→ **REQUIRED ACTION**:
Copy out the data exactly as it appears, without a single image.
[INFORMATION SUPPLIED Boundary: Start]
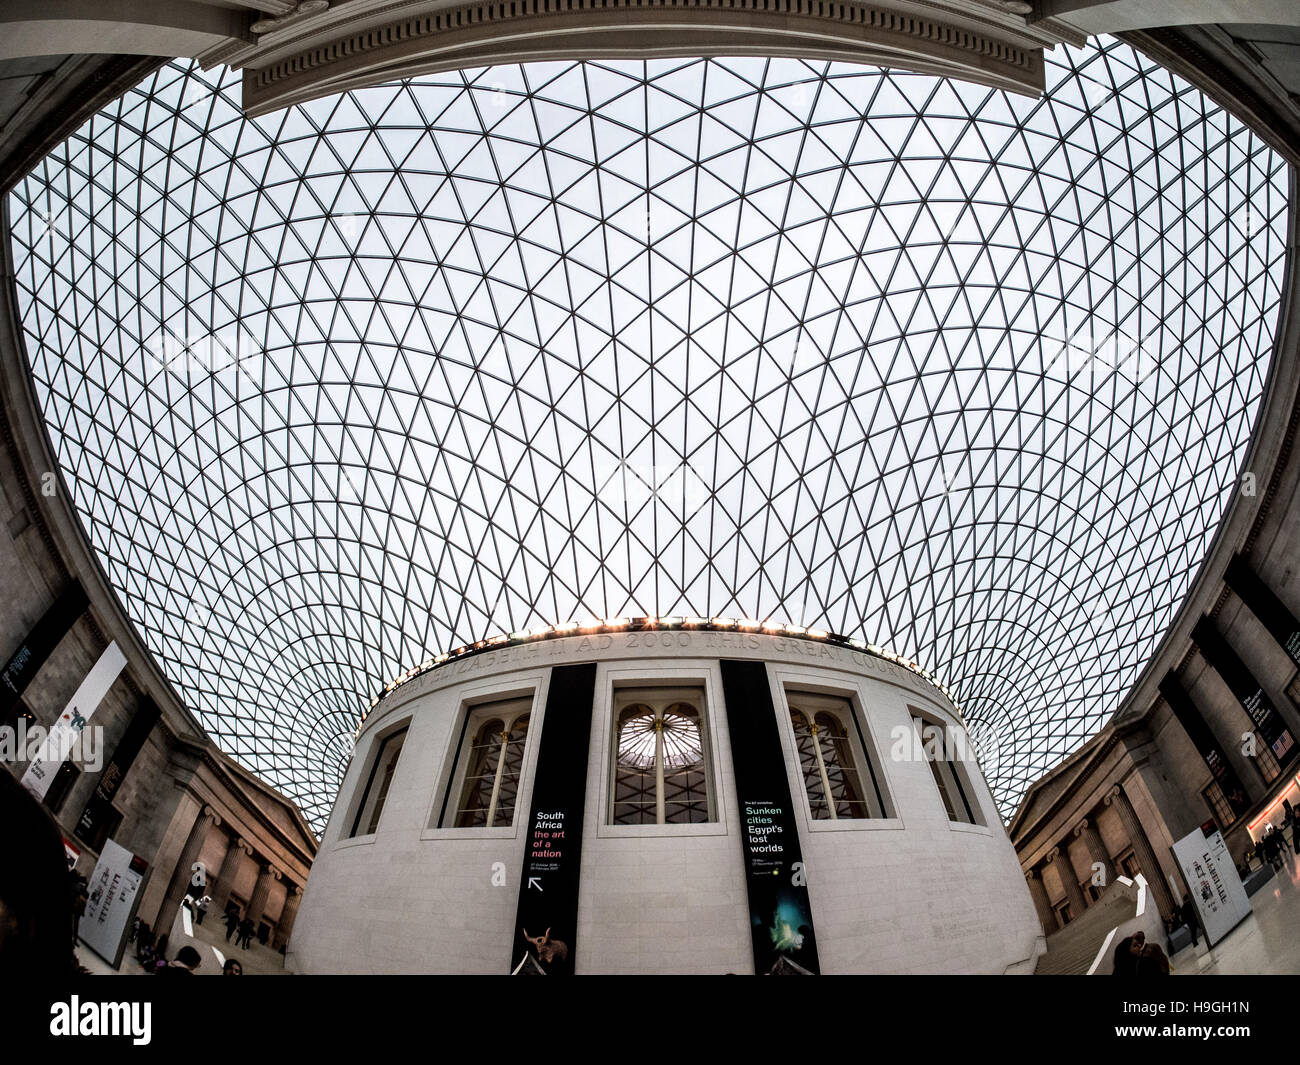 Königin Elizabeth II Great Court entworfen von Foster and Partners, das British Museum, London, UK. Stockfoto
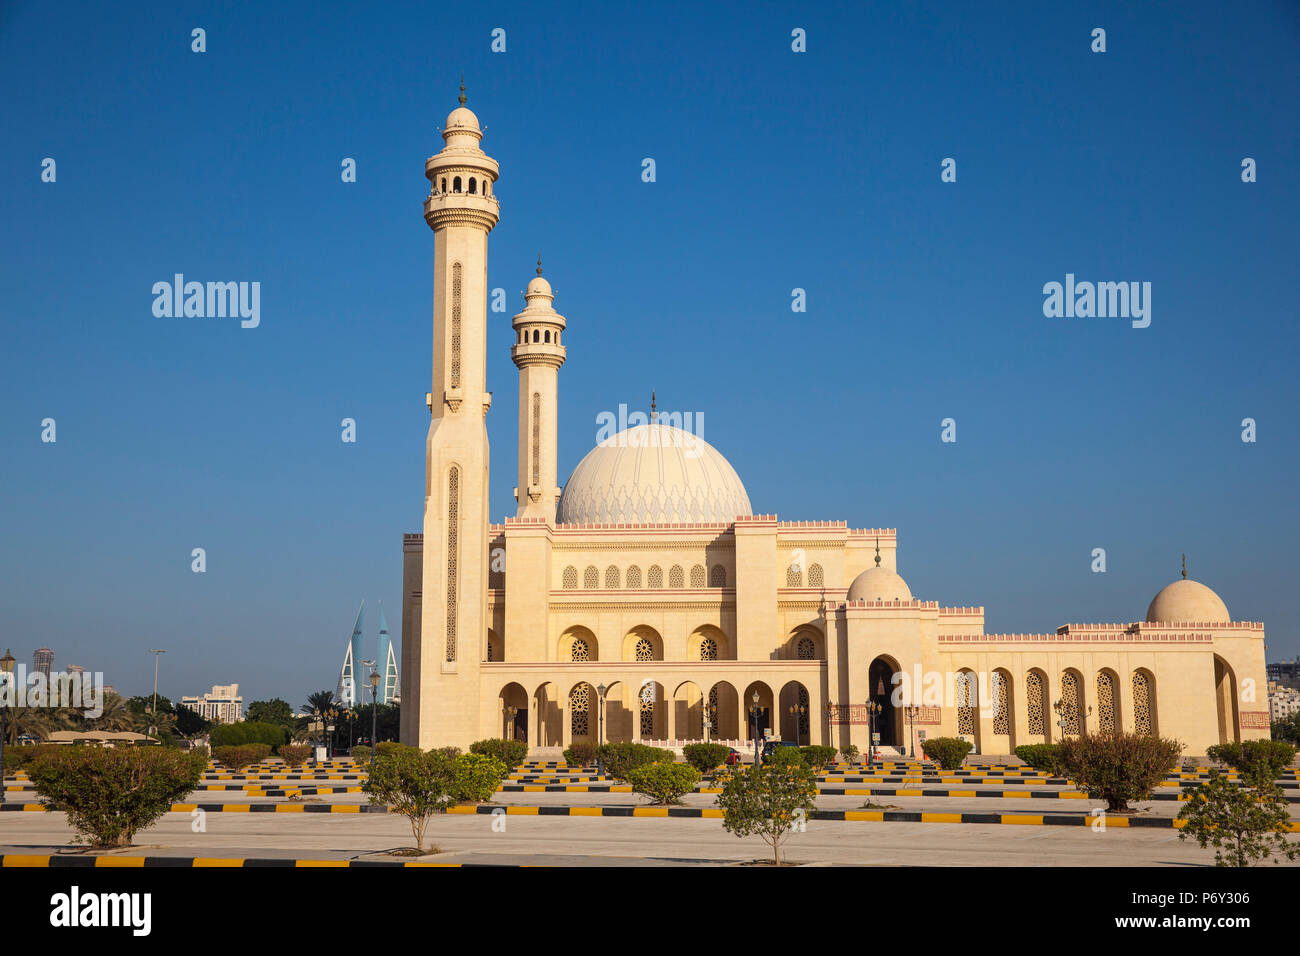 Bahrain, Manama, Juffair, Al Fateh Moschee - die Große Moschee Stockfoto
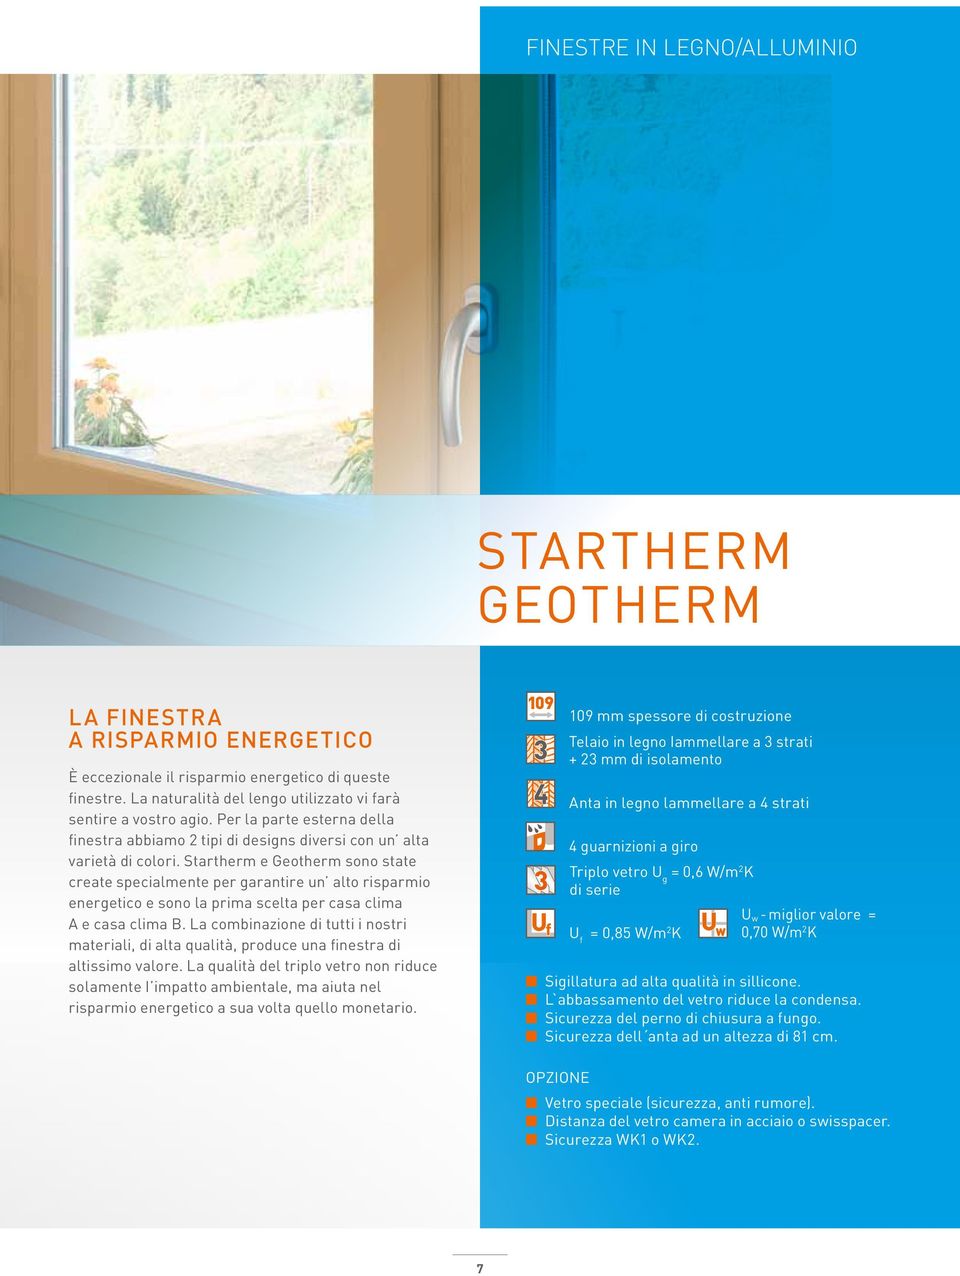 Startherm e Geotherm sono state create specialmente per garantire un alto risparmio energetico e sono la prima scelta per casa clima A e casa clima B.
[INFORMATION SUPPLIED Boundary: End]
→ **SOLUTION TO THIS TASK**:
 Königin Elizabeth II Great Court entworfen von Foster and Partners, das British Museum, London, UK. Stockfoto
 Bahrain, Manama, Juffair, Al Fateh Moschee - die Große Moschee Stockfoto
 Startherm e Geotherm sono state create specialmente per garantire un alto risparmio energetico e sono la prima scelta per casa clima A e casa clima B.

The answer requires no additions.